Борти принадлежали бортнику и считались его частной, неприкосновенной собственностью. Труд, затраченный на изготовление борти, давал право владельцу по собственному усмотрению пользоваться продуктами пчел из принадлежащей ему борти. Родился обычай ставить на бортное дерево особый знак — клеймо, который обозначал принадлежность дерева и борти определенному лицу. Дерево с бортью метилось. Метка-знамя наносилась и на дупло тем, кто его обнаруживал первым. Потом оно переделывалось в борть или по усмотрению бортника оставалось нетронутым, и поставляло рои. Этот обычай существовал многие столетия, вплоть до возникновения пасечных форм хозяйства, и соблюдался свято.
Иногда дуплистое дерево с пчелами или часть горы, где жили пчелы, огораживали, что указывало на то, что эти огороженные участки переходили в чью-то полную собственность, и уже никто не имел права ими воспользоваться.
Знамя наносилось на дерево, как правило, на уровне груди бортника топориком, ножом, долотом или другими режущими инструментами. По внешнему виду это комбинации прямых, ломаных или реже кривых линий в самых разных сочетаниях, чтобы эти фигуры выделялись своеобразием начертания и легче удерживались в памяти. В них обычно наблюдалась довольно строгая симметричность составных частей.
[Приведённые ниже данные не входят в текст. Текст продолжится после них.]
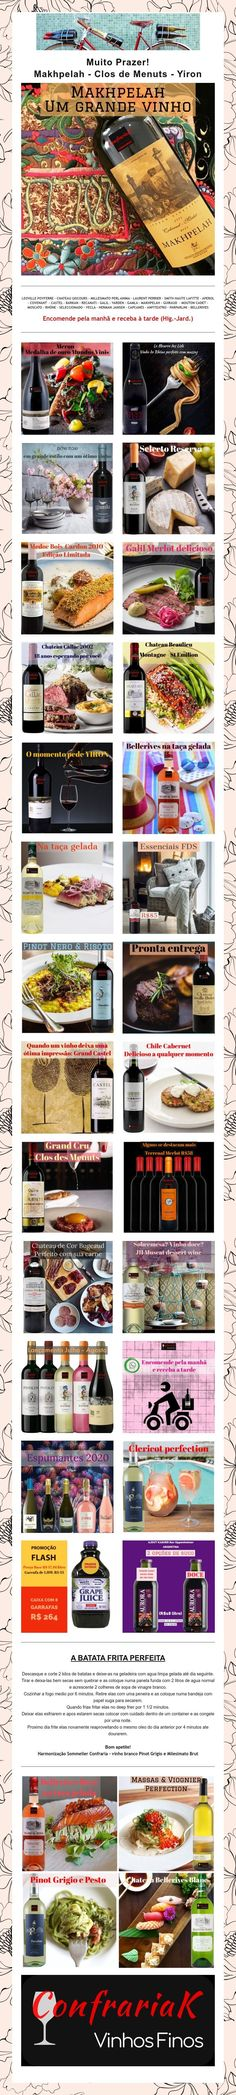 Muito Prazer!  Makhpelah -Clos de Menuts - Yiron Mouton Cadet, Laurent Perrier, Wine Pairings

Знамя как знак собственности имеет очень древнее, самобытное и чисто народное происхождение. Знаменовать — значит рисовать, чертить. Знаки на бортное дерево накладывали не только русские, но и украинцы, белорусы, поляки, сербы, татары, башкиры, мордва. Своим возникновением знамена обязаны родовому быту наших предков. Роды и племена имели свои особые знаки — эмблемы, которые служили им символами, своеобразными печатями. Ими они обозначали свои владения, границы лесных участков, земельных и охотничьих угодий, которыми пользовались.
Разнообразны межевые и рубежные знаки. Знамена “грань” или “рубеж”, которые обозначались крестом или прямой горизонтальной линией и наносились зарубками на дерево, как полагают ученые, древнейшие. Они впоследствии широко использовались и бортниками, которые уже обогащали их различными дополнениями и воспроизводили в различных вариациях. Впоследствии круг названий и начертаний знамен пополнялся и расширялся за счет графического изображения живых и неодушевленных предметов окружающего мира.
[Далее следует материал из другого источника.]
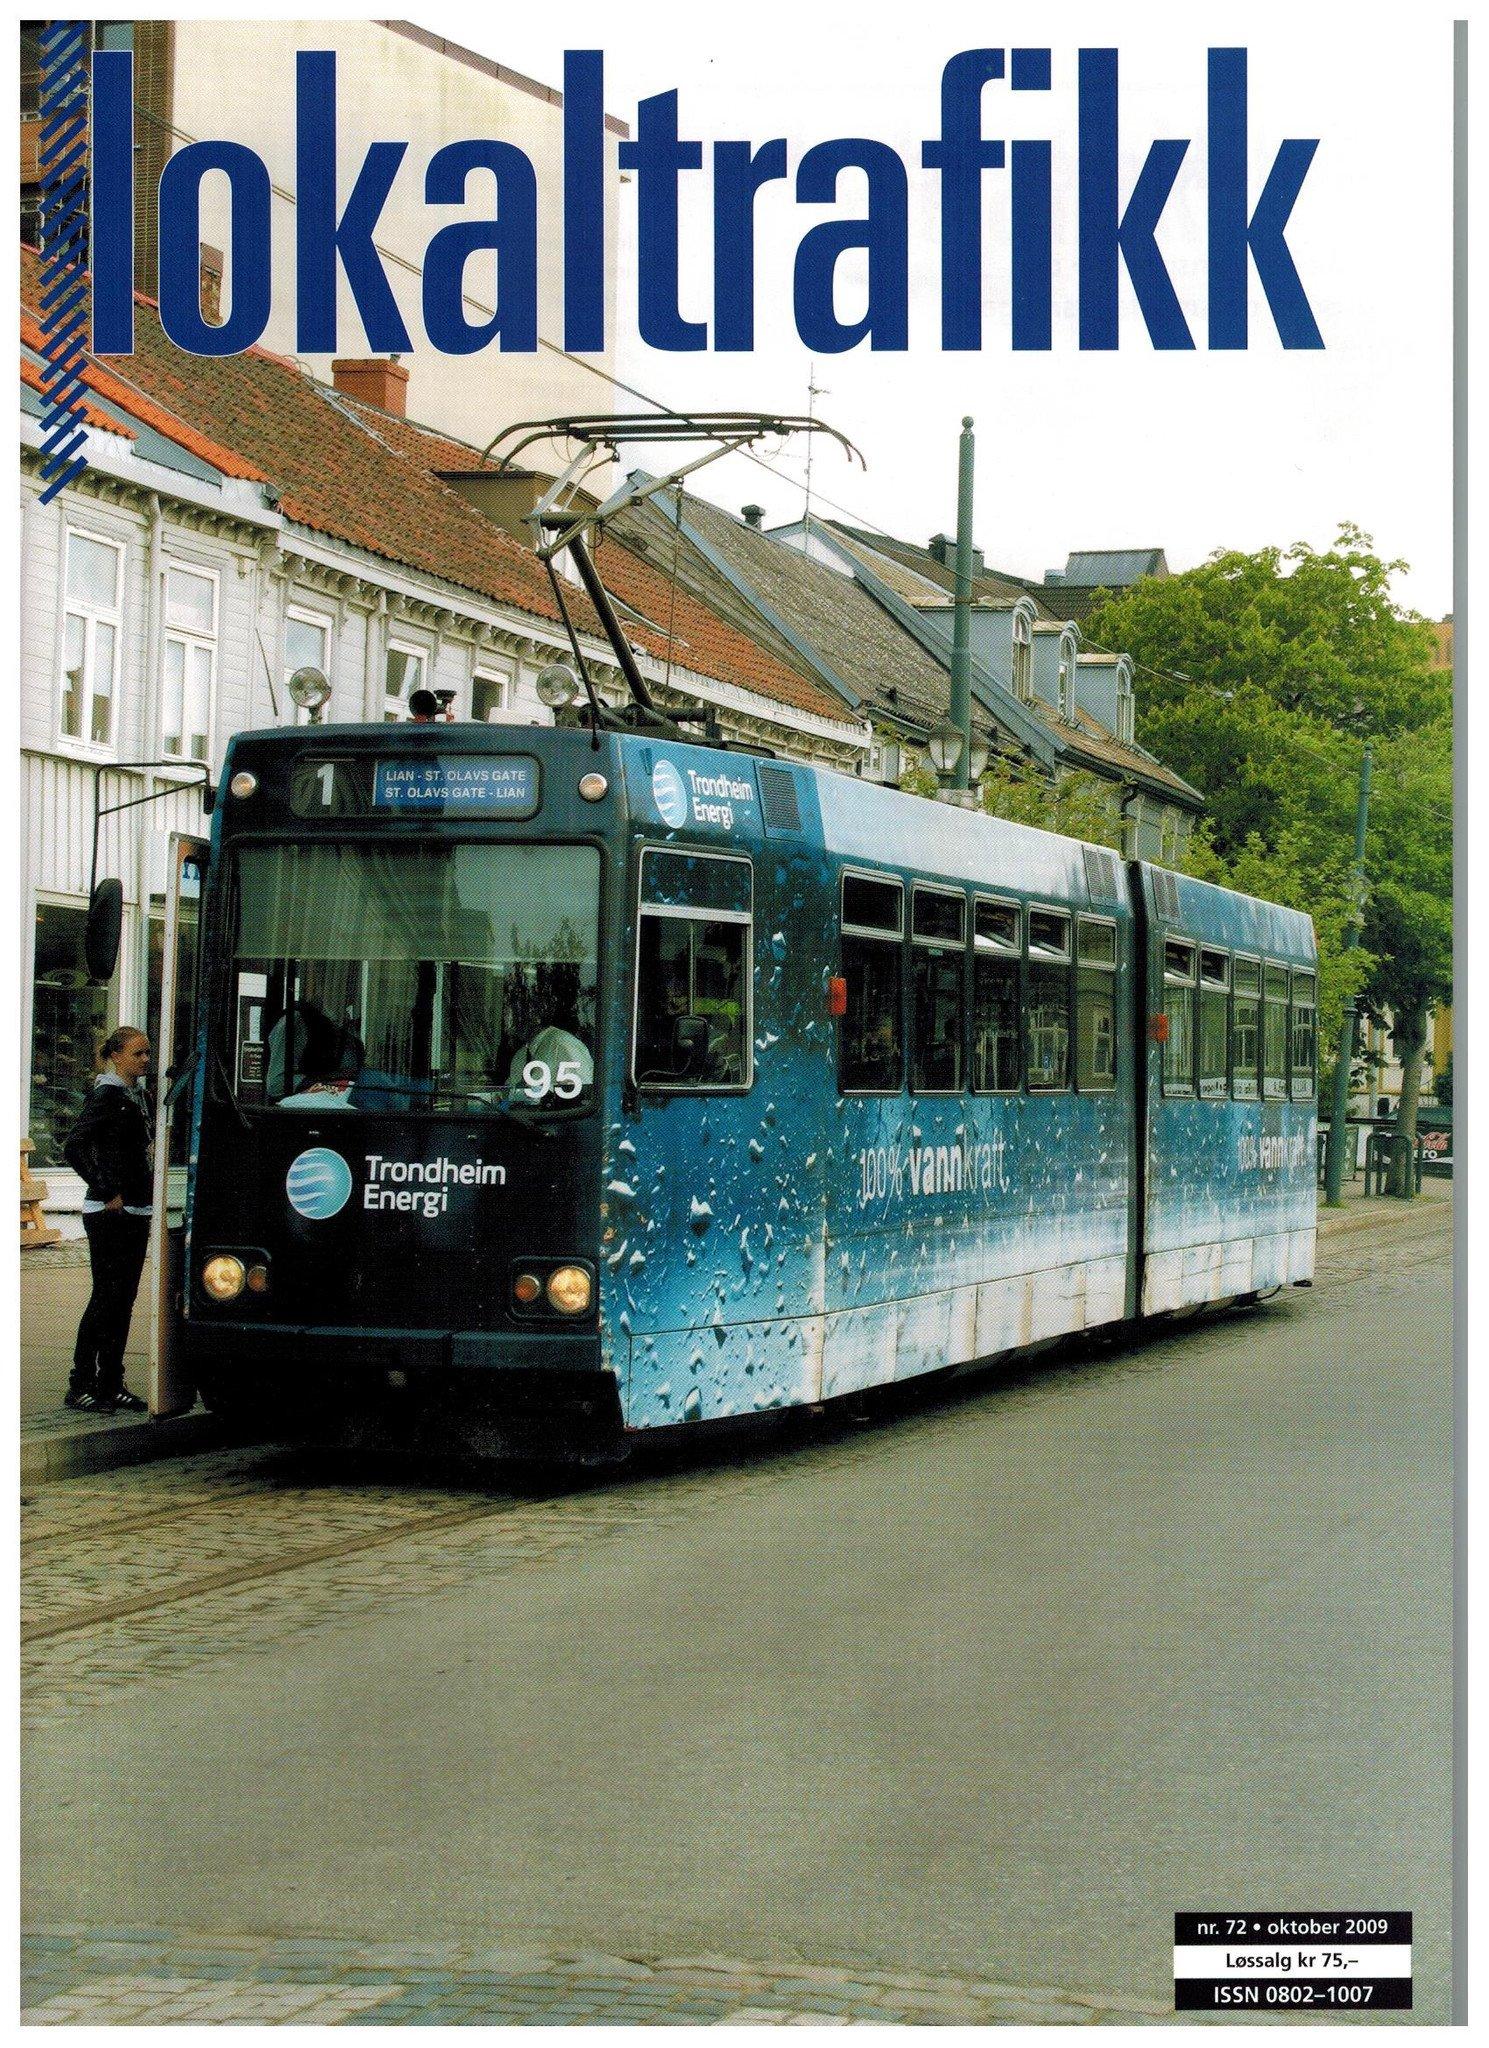 Lokaltrafikk #072

Знамена схематически изображали предметы быта, труда, животных, явлений природы, отражали жизнь нашего народа на ранней ступени исторического развития. Вот некоторые из них: вилы, гребень, грабли, ворота, посох, топор, молоток, серп, удочка, дуга, коса, кочерга, лопата, лестница, полоз, багор. Немало изображений диких и домашних животных, растений: олень, рыба, нога глухаря, куриная нога, клюв, белка, конь, заячьи уши, тетеревиный хвост, ель.
Встречаются знамена на военную тему: лук, стрела, шеломец, сабля, тетива и другое древнее оружие. Это тоже отражало тогдашнюю действительность с набегами кочевников на Русскую землю, защитой отечества.
Есть графические изображения, относящиеся к человеку: брюки, голова, борода, ладони, ножки, ребра, локотки.
В разных местах Древней Руси в бортных знаменах наблюдается довольно близкое схематическое начертание одинаковых предметов.
Знамена сохранялись в роду и передавались по наследству из поколения в поколение. Но они претерпевали и некоторые изменения. Если братья-бортники вели самостоятельное, независимое друг от друга хозяйство, то старший наследовал от отца семейное знамя, а младшие добавляли к нему новые небольшие, но характерные насечки, отличающие это знамя от фамильного.
Бортник обычно имел одно знамя, которое он наносил на все свои бортные деревья, но встречались и такие, которые владели несколькими знаменами. Их борти находились в разных лесах.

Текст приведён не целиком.